Multidisciplinary conference honors Frank Upham’s wide-ranging scholarship

Frank Upham, arms folded, with theater seats in background

NYU Law faculty members and scholars from around the world gathered on November 14 and 15 for a conference at the Law School honoring Frank Upham, Wilf Family Professor of Property Law Emeritus. More than 15 speakers presented research in the areas of comparative law, gender, and property—themes that have been central to Upham’s own work. 

“His generosity, his flexibility, and his intrepidness [are] what make Frank such a special colleague and friend and teacher,” said Carol Liebman, clinical professor of law emerita at Columbia Law School, one of three luncheon speakers who offered personal recollections of Upham. “Frank is somebody whose curiosity and enthusiasm are too great to put in any single box. Look at the range of topics that have to be covered [here], how many days it’s going to take to pay tribute in this conference to all of Frank’s work and the impact he’s had in so many areas.”

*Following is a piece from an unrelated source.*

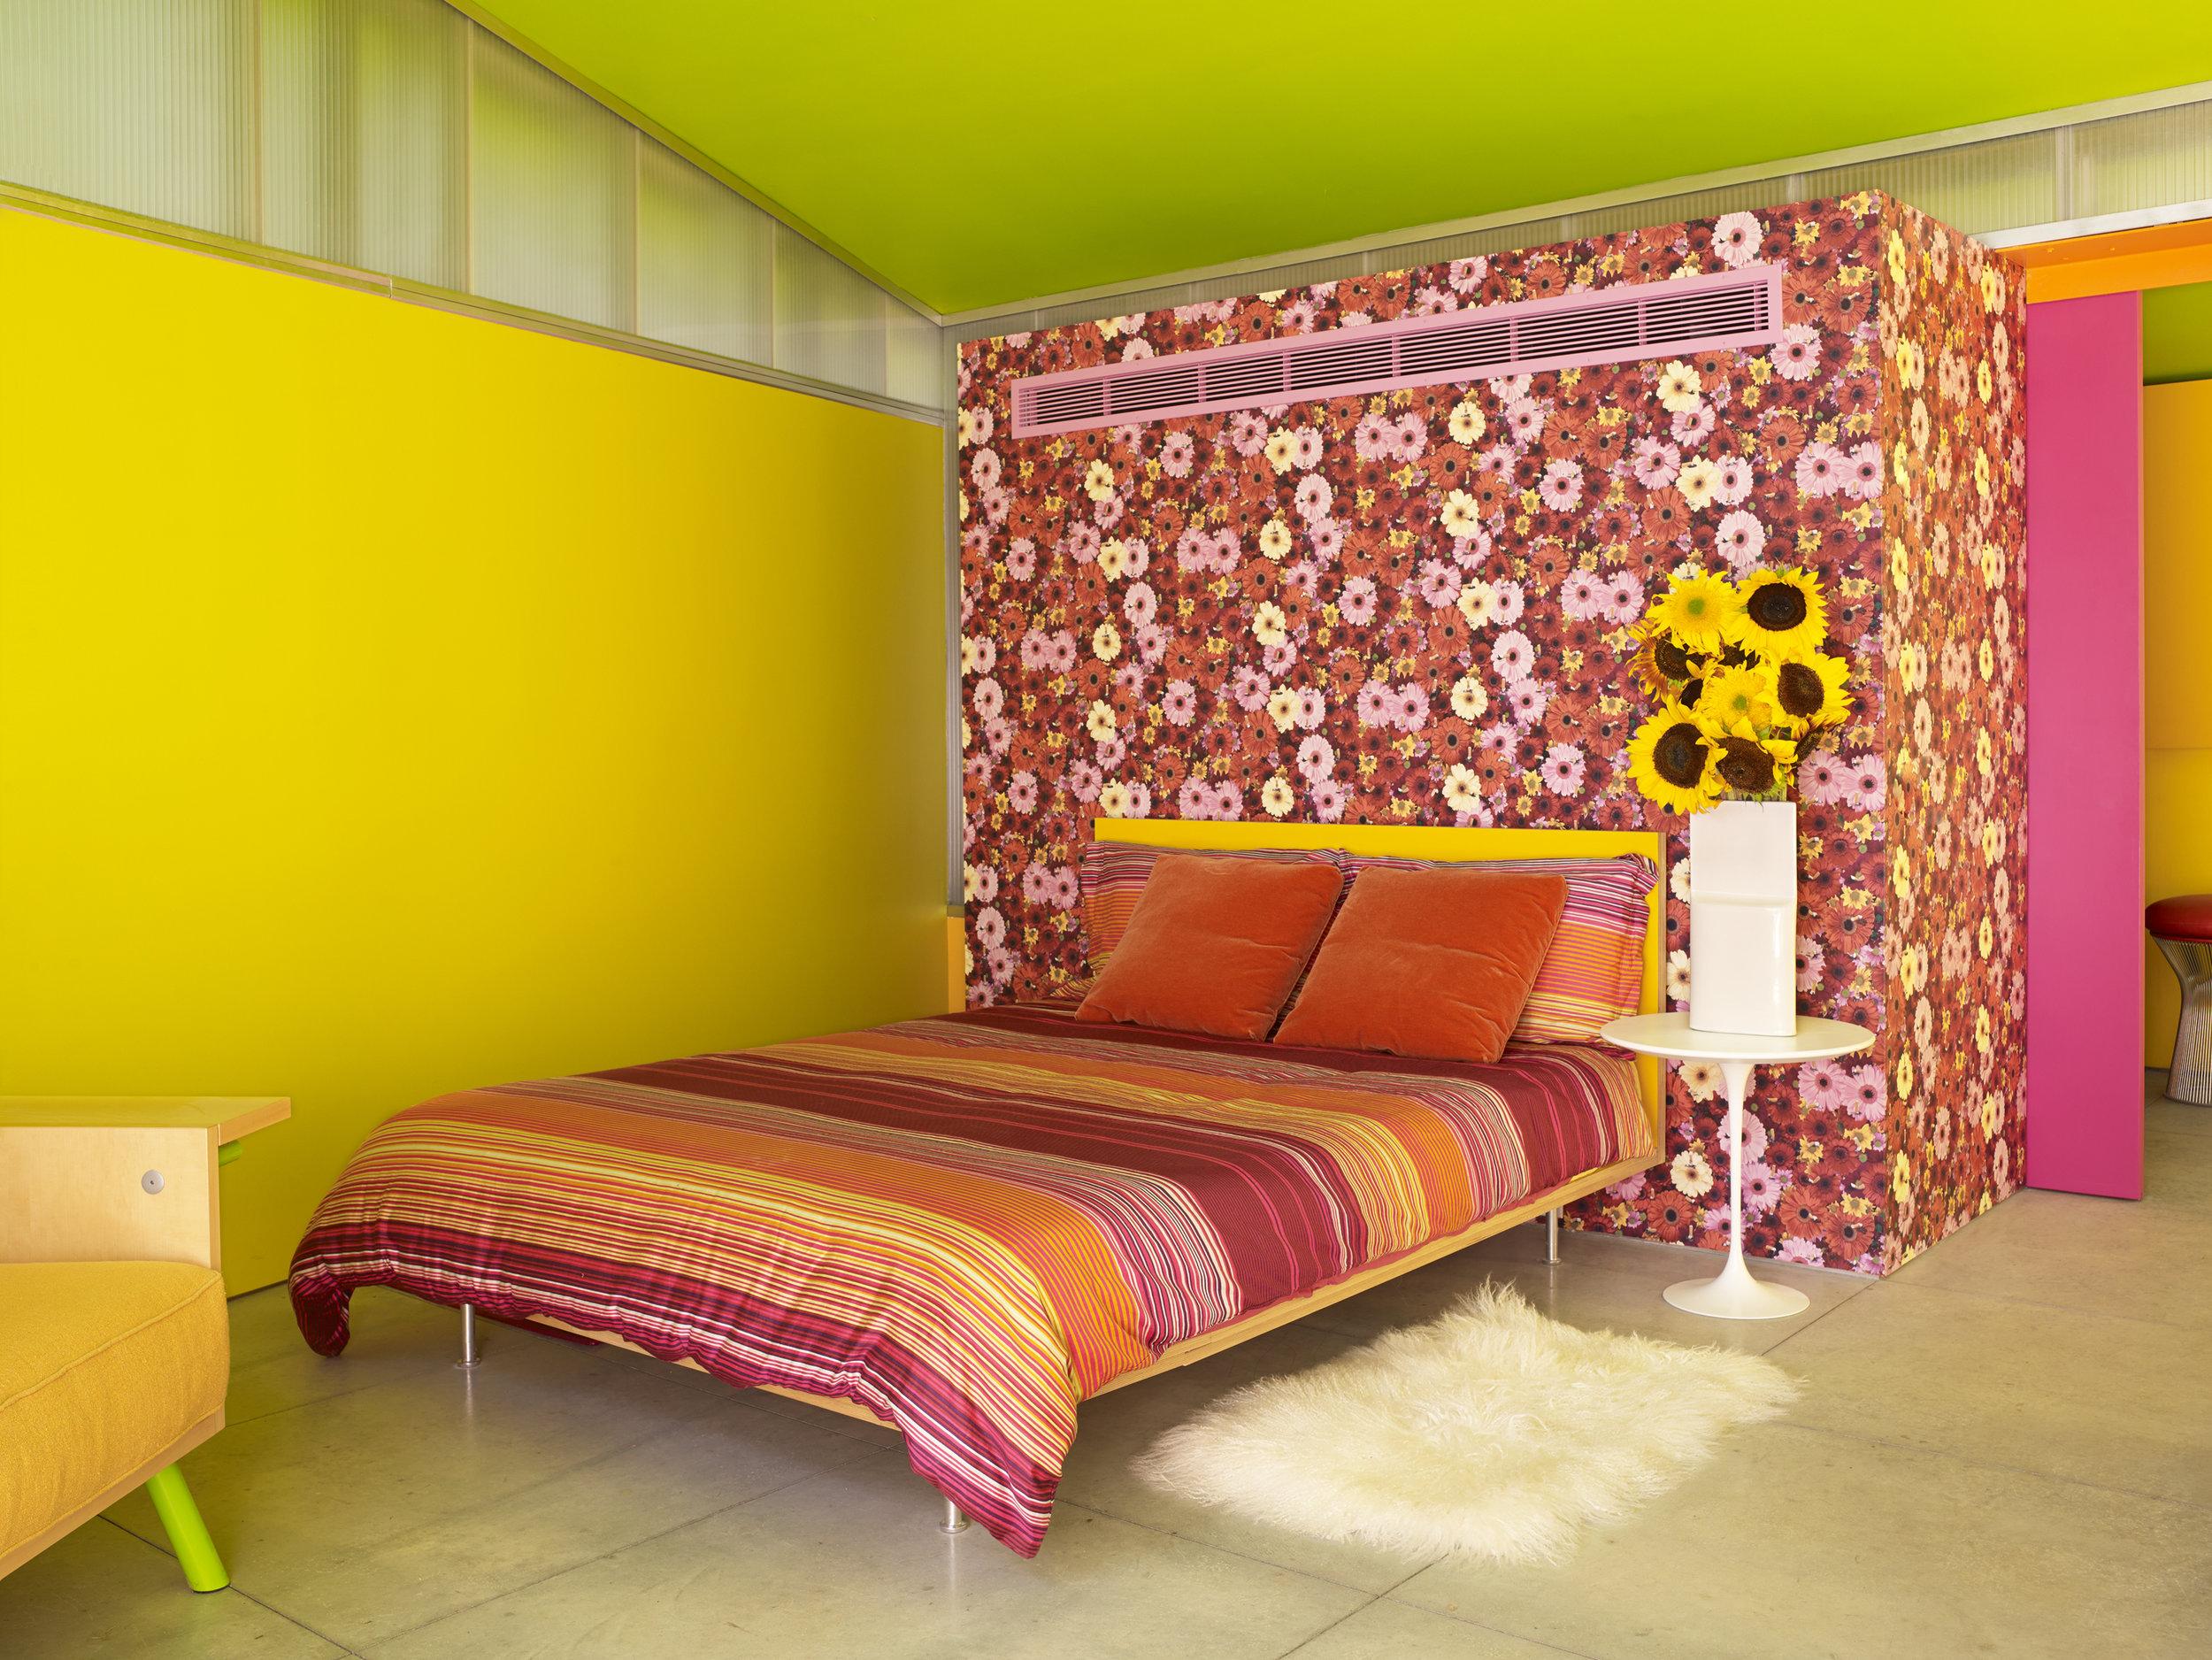 34 Stamberg-Guest Bed_006.jpg
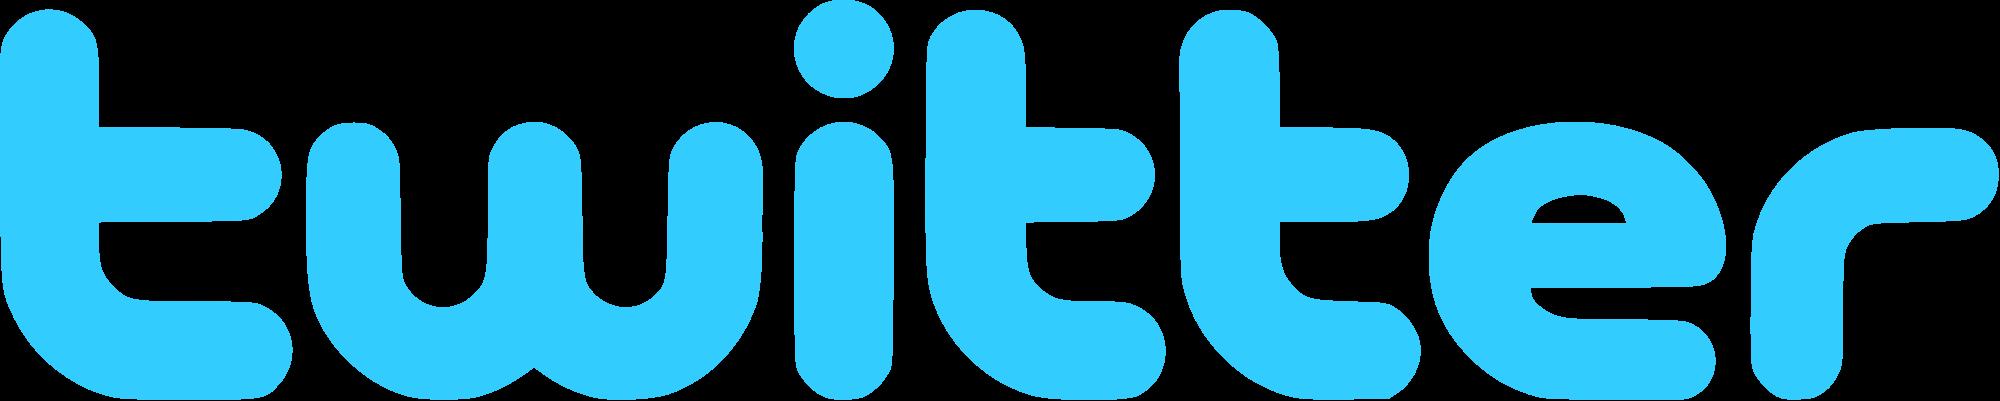 Twitter logo png transparent background. Images free download

Among the many scholars presenting their work at the conference were Mark Ramseyer of Harvard Law School; Gila Stopler, professor of law at the College of Law and Business, Israel; Donald Clarke, emeritus professor at the George Washington University Law School; and Nobuko Nagase, professor at Otsuma Women's University, Japan.

As Liebman noted, Upham’s career has been multidisciplinary and international in scope. He has taught property, law and development, and a variety of courses and seminars on comparative law and society with an emphasis on East Asia and the developing world. He served as faculty director of NYU Law’s Global Law School Program from 1997 to 2002. Co-founder of the U.S.-Asia Law Institute, he served as co-director until 2016.

After graduating from the Woodrow Wilson School of Public and International Affairs at Princeton University in 1967, Upham taught in the Department of Western Languages at Tunghai University in Taichung, Taiwan. He also worked as a freelance journalist in Vietnam, Cambodia, and Laos, covering the Vietnam War for Time, Sports Illustrated, and other publications. Upham received his JD from Harvard Law School in 1974 and taught at Ohio State, Harvard, and Boston College law schools before moving to NYU Law in 1994.

Upham has spent considerable time at various institutions in Asia, including as a Japan Foundation Fellow and Visiting Scholar at Doshisha University in 1977, as a research fellow of the Japan Society for the Promotion of Science at Sophia University in 1986, and as a visiting professor at Tsinghua University in Beijing in 2003. His scholarship has long focused on Japan, and his book Law and Social Change in Postwar Japan—a standard reference for discussions of Japanese law and its social and political role in contemporary Japan—received the Thomas J. Wilson Prize from Harvard University Press in 1987. More recently, he has researched and written about Chinese law and society and about the role of law in social and political development more generally. In 2024, the government of Japan awarded Upham the Order of the Rising Sun, Gold Rays with Neck Ribbon, for promoting the understanding of Japanese law. “He may understand the Japanese legal system more than most lawyers in Japan since he helped shape it," Japanese Ambassador Mikio Mori said as he bestowed the award.

“Frank is an adventurer, both in his personal life and in his scholarship,” said another conference speaker, Michael Schill, former president of Northwestern University and a former NYU Law professor. “He has done pathbreaking research in comparative law of property and development—but you all know that.…Frank, throughout his career, was always ready to try new challenges. He went to Vietnam as a journalist during the war…. He traveled the world many times over…and started any number of global initiatives.”

Speaking after Schill, NYU Law President Emeritus John Sexton credited Upham with helping inspire NYU’s international growth. “I pictured his teaching as we developed the global network university concept,” said Sexton, Law School dean emeritus and Benjamin F. Butler Professor of Law. “He was an important part of encouraging me to do that.”

When Upham took the microphone a few minutes later, he talked about what NYU Law community has meant to him. “What makes a good institution…is the respect that people in that institution have for each other,” he said. “…What has made my life here, decades here, so wonderful is that when I come in the doors of Vanderbilt Hall…I look at the security people, and I know who they are, and they know who I am. And [when I’m in my office] one particular person comes around to take care of things, clean stuff, and she always says, ‘How’s the family?’”

Upham continued: “It’s being fortunate enough to be in a place where there is almost literally a network—I mean there are ties between people, not just people on the faculty and not just people in the security [staff] or not just among the students, but among the whole institution. And that’s what I learned from my time here…and I’m very grateful for what I’ve had here.”